I’m 110% aware that you can run multiple threads on a single code. My experience on virtualised build servers with a single logical core is that the Parallel.ForEach logic won’t result in multiple threads. I’m just short-circuiting the test early.

-- Tatham

From: stovellp [email removed]
Sent: Thursday, 3 November 2011 11:04 AM
To: Tatham Oddie
Subject: Re: 1489 - PackageHash changes on Nuget.Server [nuget:278108]

From: stovellp

Hi Tatham,

I understand where you're going. However I'm not sure that asserting multiple threads were used is a good idea - Parallel.For (or ThreadPool.QueueUserWorkItem) could choose to use multiple threads, or it could not, and either is valid. In your test above, I suspect there's a small chance that one day, you'll run that test and it will fail, only to pass the next day, since it's perfectly valid for Parallel.For to not use multiple threads. In the original test there's an equal chance the test will run and not test anything, but at least it won't fail. Is a test that randomly fails better than a test that randomly passes without testing anything? I think there are arguments to be made for both sides.

I guess a few trade off's come into it:

  • What are the chances multiple threads won't be used? I chose a large list of items just to improve the odds of getting multiple threads but agree it's not guaranteed.
  • In 1 out of every 1000 runs, do you want a test that fails (only to succeed the next time you run the test), or a test that passes without testing anything (only to test everything the next time it runs)?
  • How clear do you want the code to be?

My goal for the test was just to help ensure the bug doesn't come back. In this case I actually don't mind it if has a small chance of passing even when the bug is reintroduced, because I'm sure the NuGet team run their tests a few times a day, so it would eventually get picked up. On the other hand, I would have felt uncomfortable committing a test that had the potential to fail one in every 1000 test runs, leaving the maintainers to figure out why.

I think the "correct" approach would be to new up actual Thread objects and use WaitHandles to check each iteration is done, to guarantee you're getting multiple underlying threads. But I think that would detract from the readability.
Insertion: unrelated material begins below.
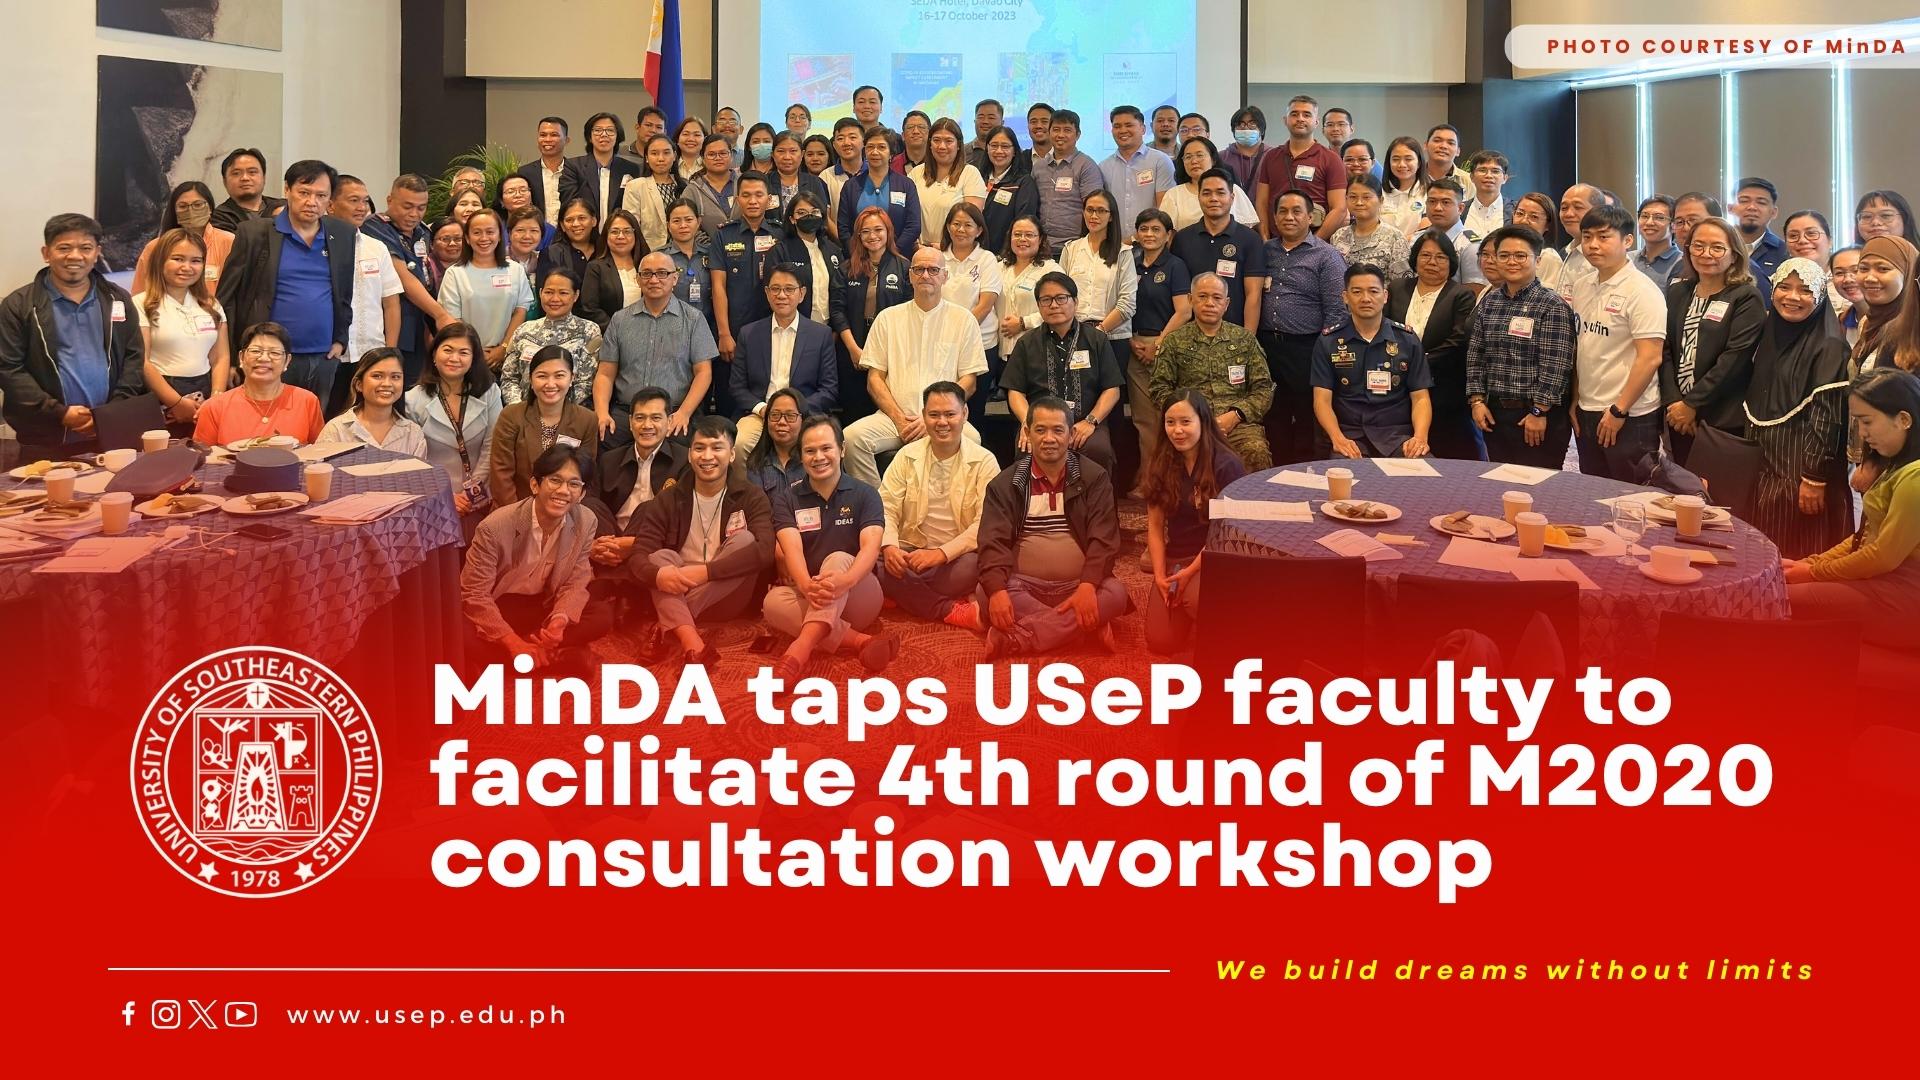 MinDA taps USeP faculty to facilitate 4th round of M2020 consultation workshop

So it's all a trade off.

PS: I don't think the check for ProcessorCount == 1 is necessary - a single core/processor can still execute multiple threads simultaneously.

Paul

Nov 3, 2011 at 1:26 AM

Actually ... new idea.

How about:

 

[Fact]
public void CryptoHashProviderIsThreadSafe()
{
    // Arrange
    byte[] testBytes = Encoding.UTF8.GetBytes("There is no butter knife");
    string expectedHash = "xy/brd+/mxheBbyBL7i8Oyy62P2ZRteaIkfc4yA8ncH1MYkbDo+XwBcZsOBY2YeaOucrdLJj5odPvozD430w2g==";
    IHashProvider hashProvider = new CryptoHashProvider();

    var usedThreadIds = new List<int>();
    Parallel.For(0, 10000, ignored =>
    {
        // Act
        byte[] actualHash = hashProvider.CalculateHash(testBytes);

        // Assert
        Assert.Equal(actualHash, Convert.FromBase64String(expectedHash));
    });

    if (usedThreadIds.Distinct().Count() == 1)
        Assert.Inconclusive("This test relies on multiple threads, however only one was ever spawned.");
}

 

This results in:

  • Pass if hashes are consistently generated across multiple threads
  • Fail if the bug regresses
  • Inconclusive if the test didn't test anything

That seems like the correct set of outcomes to me.

-- Tatham

Nov 3, 2011 at 11:22 AM

Ah! Brilliant. I've been testing a similar fix - but I'd thread-safed the call rather than just the crypto (and I'd not figured out it was exactly that that wasn't thread safe). Please do push this out soon. :-) If you use the IDE to look at packages and have a big package or two in your repostiroy you'll run into this very easily with even one developer.

Nov 4, 2011 at 10:26 AM

Just looking over this - hash values are stored in a dictionary, and access to a dictionary is not protected by the underlying .NET platform - so it isn't just the hash calc you have to protect, but also the access to the dictionary has to be completly protected. Fortunately, that is localized to one class (http://msdn.microsoft.com/en-us/library/xfhwa508.aspx).

Developer
Nov 4, 2011 at 10:36 AM

Change it to use a ConcurrentDictionary and see if that helps.